Might be interesting to plot the incidents on a map of SF as part of an initial data exploration. With 2 million data points the map might look very busy though, might need to subsample or make a heat map instead.

Analysis Pipeline Distribution of tasks

Hi @bettybhzhou, how do you think we can divide the work for the pipeline?

Improve code organization in python scripts

Your python & R scripts would be more readable and modular if they all had a main function.

Define non-processed?

Not clear in overview what non-processed means? And maybe provide some examples of what encompasses processing as well to help the reader understand what problem you are trying to solve.

Clustering the data into arrest and not arrest

Processed:

arrest, booked
arrest, cited
prosecuted by outside agency
juvenile cited
complainant refused to prosecute
district attorney refused to prosecute
not prosecuted
juvenile booked
psychopathic case
located
prosecuted for lesser offense

Not processed

none
cleared-contact juvenile for more info
juvenile diverted
juvenile admonished
exceptional clearance
unfounded

Milestone 1 feedback

Mechanics

Might want to add version number for the packages in the dependency section.
Might want to add a link to the final report in README.
Might want to explain the usage of the scripts a little more. Say, 01_clean_data.py has three arguments.

Quality

In the documentation at the top of a python or R script, you can explain what the arguments are in addition to showing an usage example.

Report

Would be nice to link the description of variables in Section 1.0 to the variable names in subsequent sections. Say, there are x and y in Table 2, are they longitude and latitude?
Also, I am not 100% sure what is stolen, buliding, vehicle neither when I just look at the Table. Are they among the 50 words extracted? Maybe list these 50 words somewhere?
How did you choose the depth of your decision tree?
How did you compute the testing accuracy in section 4.0?
Style-wise, would be nice to replace the 'snake_case' with the usual case throughout.

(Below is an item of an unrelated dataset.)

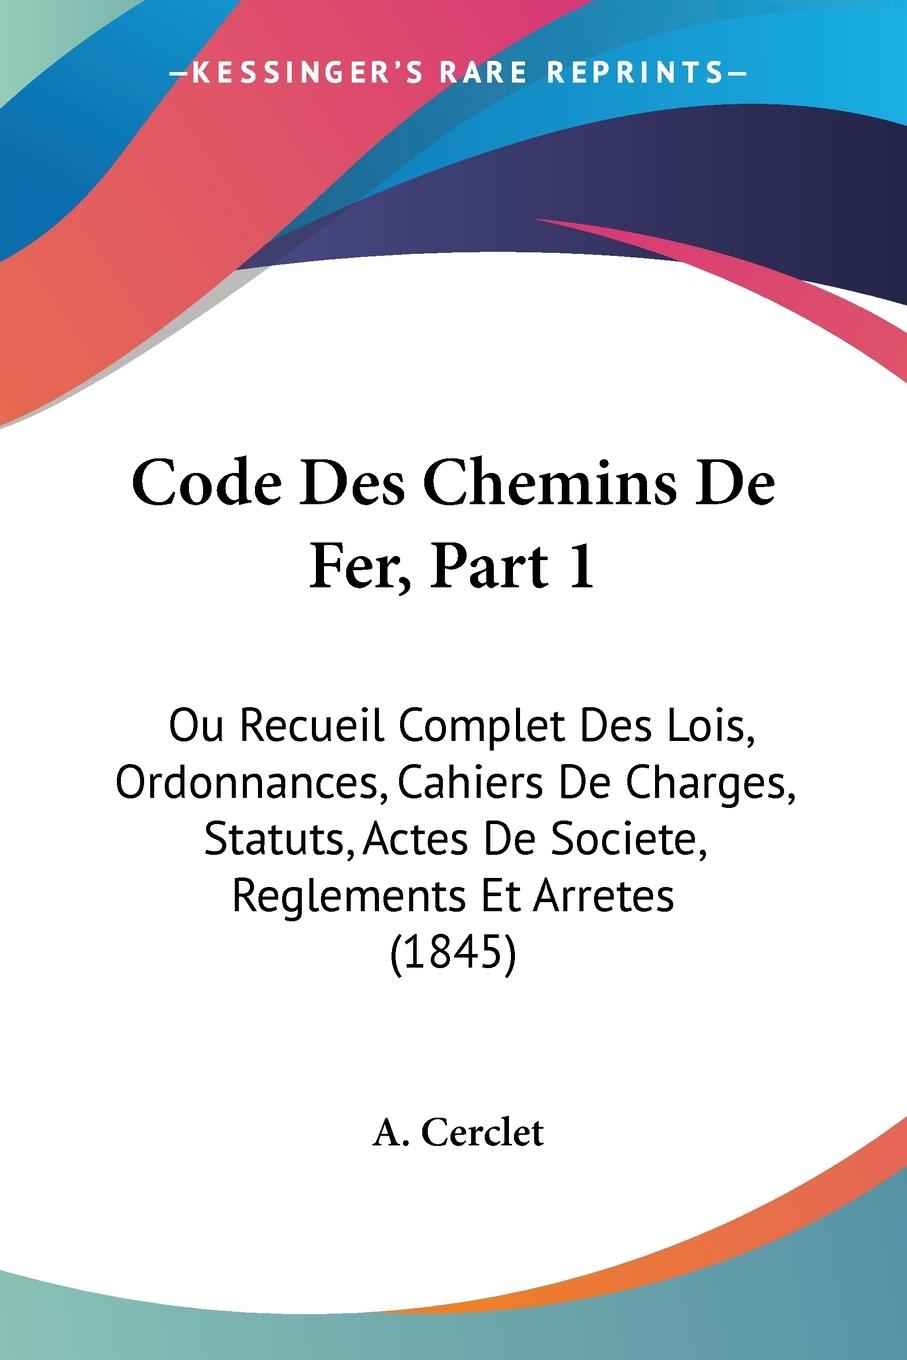 Code Des Chemins De Fer, Part 1 - Cerclet, A.
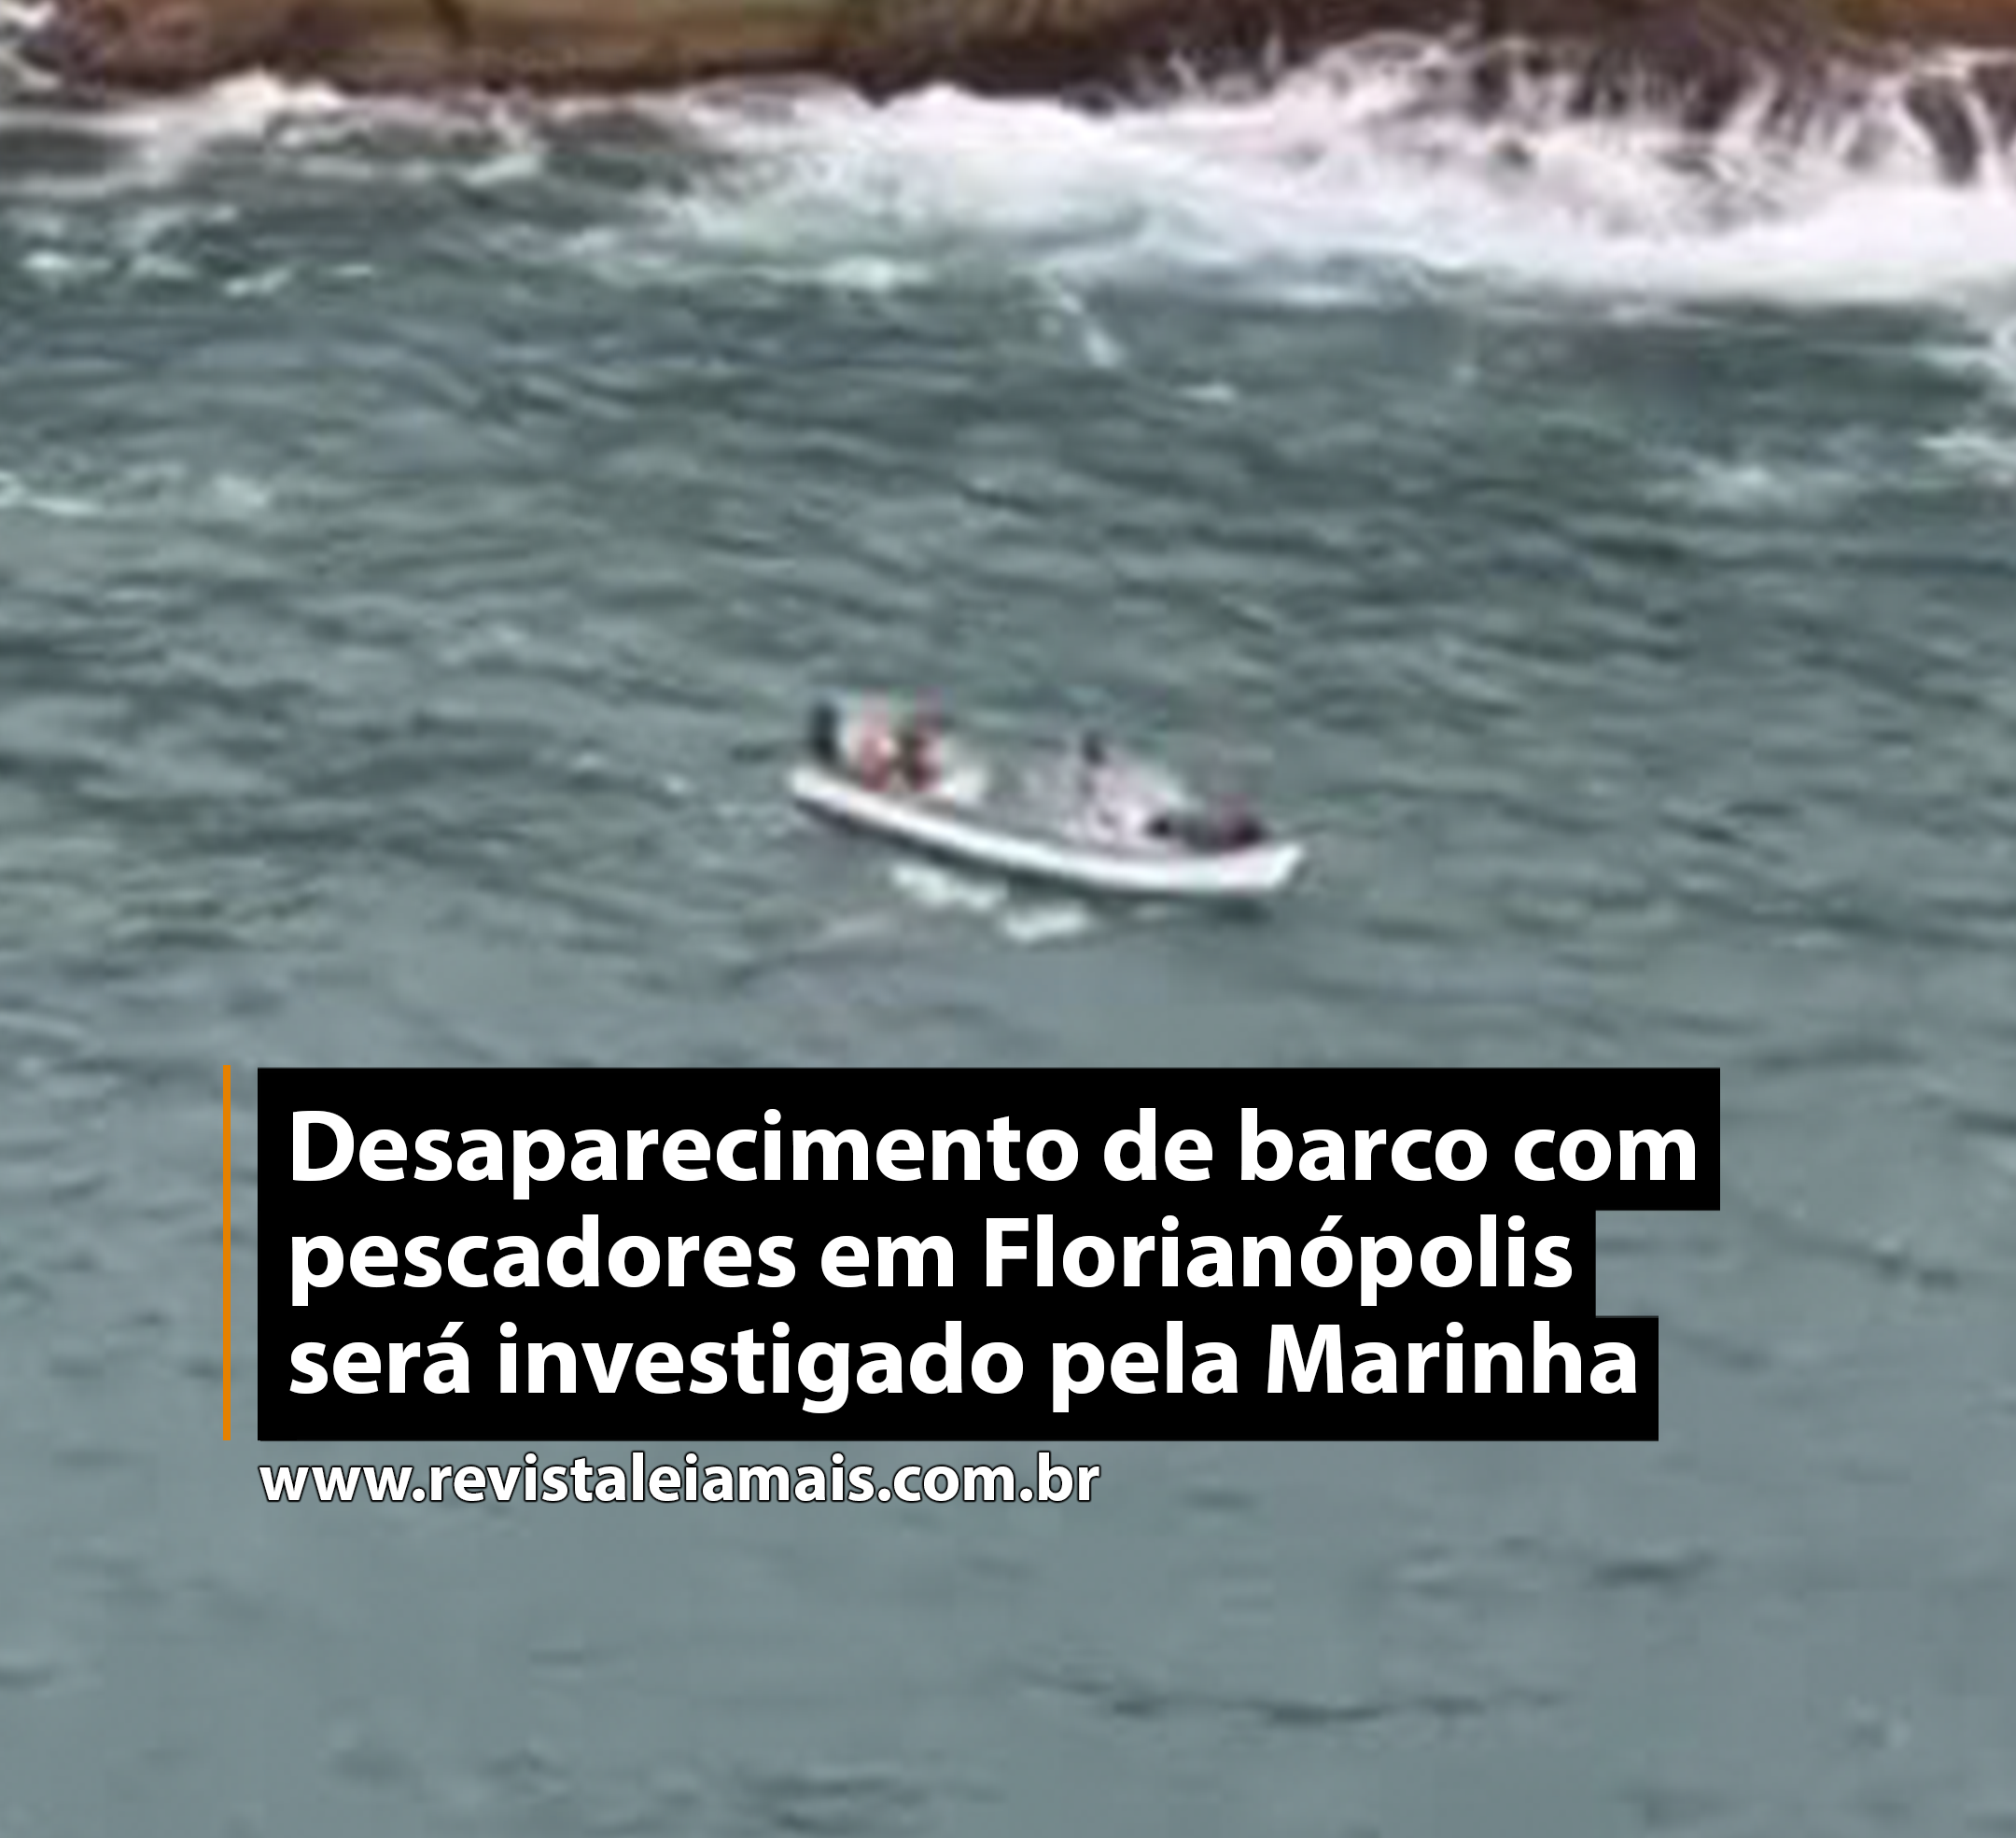 Desaparecimento de barco com pescadores em Florianópolis será investigado pela Marinha

`all` target probably only needs to depend on `docs/san_francisco_report.md`

Given that docs/san_francisco_report.md depends on all the other things you are making, the all target probably only needs to depend on docs/san_francisco_report.md.

Make figures smaller

Figures should be as small as possible (yet still clearly readable and understandable). So that you can easily read the figure captions and surrounding text while looking at the figure. In the case of the figures in your report, the text size in the figures is great, but the plot areas and the bars/boxes can be much smaller. This is specifically only really a problem for figure 1 in your report.

files, not folders, should be listed for targets and dependencies

It is recommended to list all files (not just the folder they are in) for the targets and dependencies in a Makefile to keep the dependency tree working well.